Die Kölner Gruppe evoe:performing:artists versucht sich an einer Adaption des Werkes. Ihr Abend erkennt sehr wohl die Gefahr des Schreberschen Denkens – vermag es aber nicht, diese in dräuendes Theater umzusetzen. Statt dessen verlegen sie sich aufs Konstruieren und finden dabei inhaltsfremde szenische Lösungen: Blutige Unterhosen, Rahmenhandlungen, Wortschilder oder Lämpchen-La-Olas.

Ihre Installation »Schrebers Hirn«, ein mehrteiliger Kubus, der unterschiedliche Räume bildet, hat in ihrer ordentlichen, räumlichen Intelligenz wenig mit den Krankheiten aus dem schizophrenen Arsenal zu tun, die Schreber plagten.
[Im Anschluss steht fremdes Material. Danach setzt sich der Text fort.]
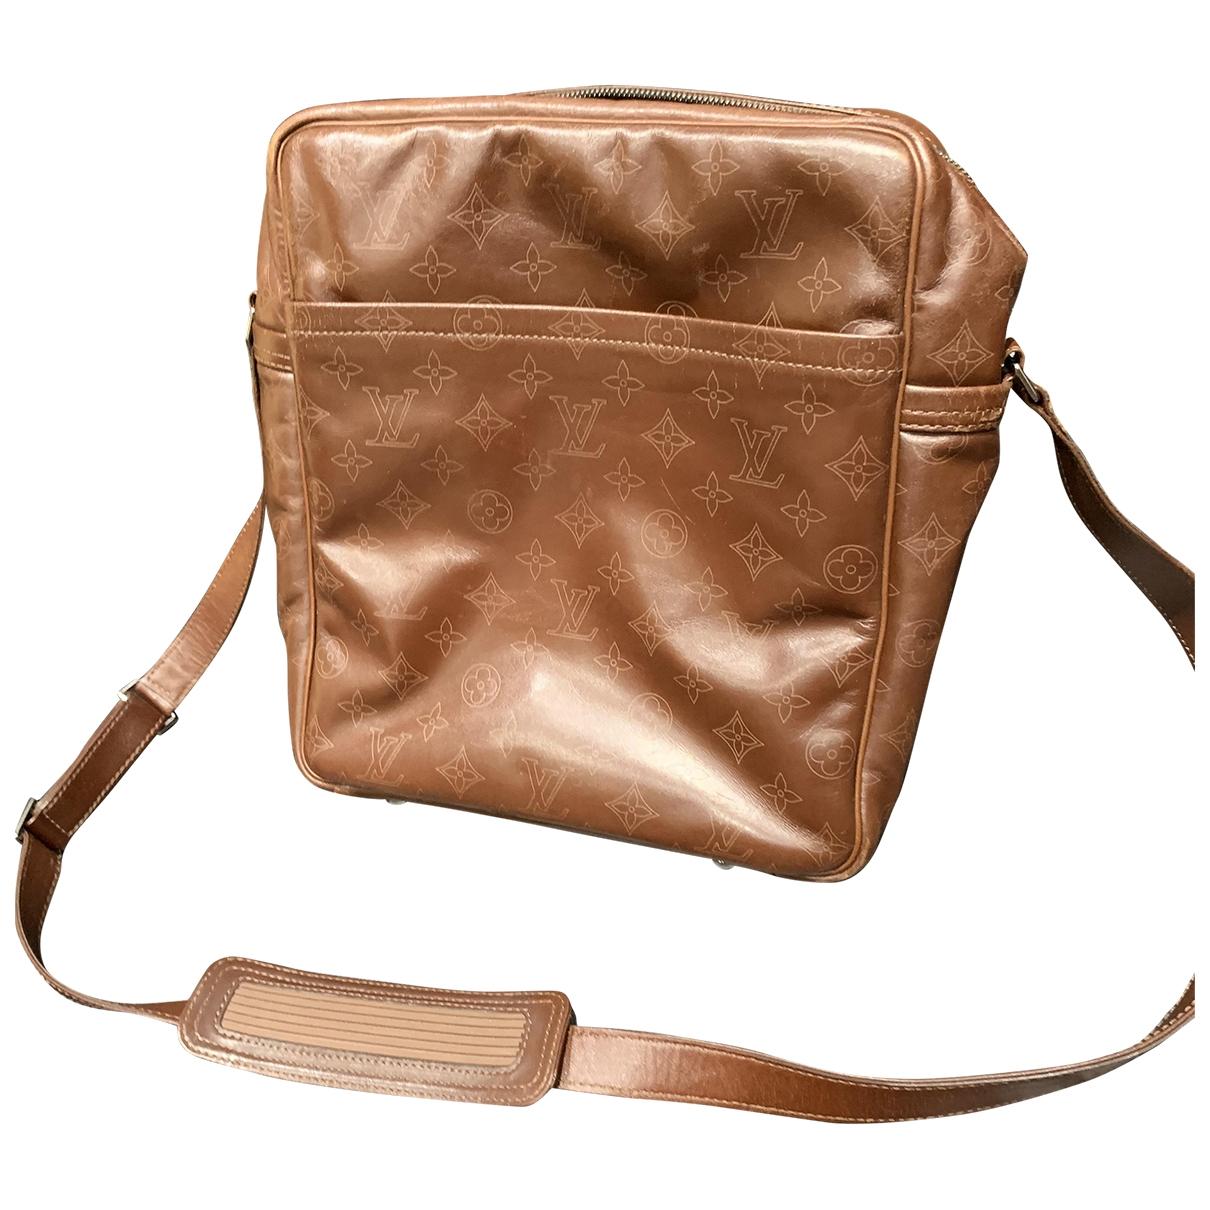 Louis Vuitton \N Brown Leather bag for Men \N

Angemessener wäre da Friedrich Schröder-Sonnenstern, die Bleistiftorgien der Gugginger, die Figurengruppen von Oswald Tschirtner, besser noch die Wortbilder von August Walla, oder auch die Privatsprache eines Jonathan Meese.

Allzu leicht ist es, einen solchen Abend mit der Irritation des Wahnsinns aufzuladen; allzu schwer danach für die Darsteller, dies auch zu spielen. Hin und wieder gelingt das Bernd Rehse, doch einzig Monika Barths Stimme trägt genügend Landschaft in sich, um die bedrückende Atmosphäre des Wahns in eine Sprache umzusetzen, die es versteht, auch die Pausen zwischen den Worten zu vertonen.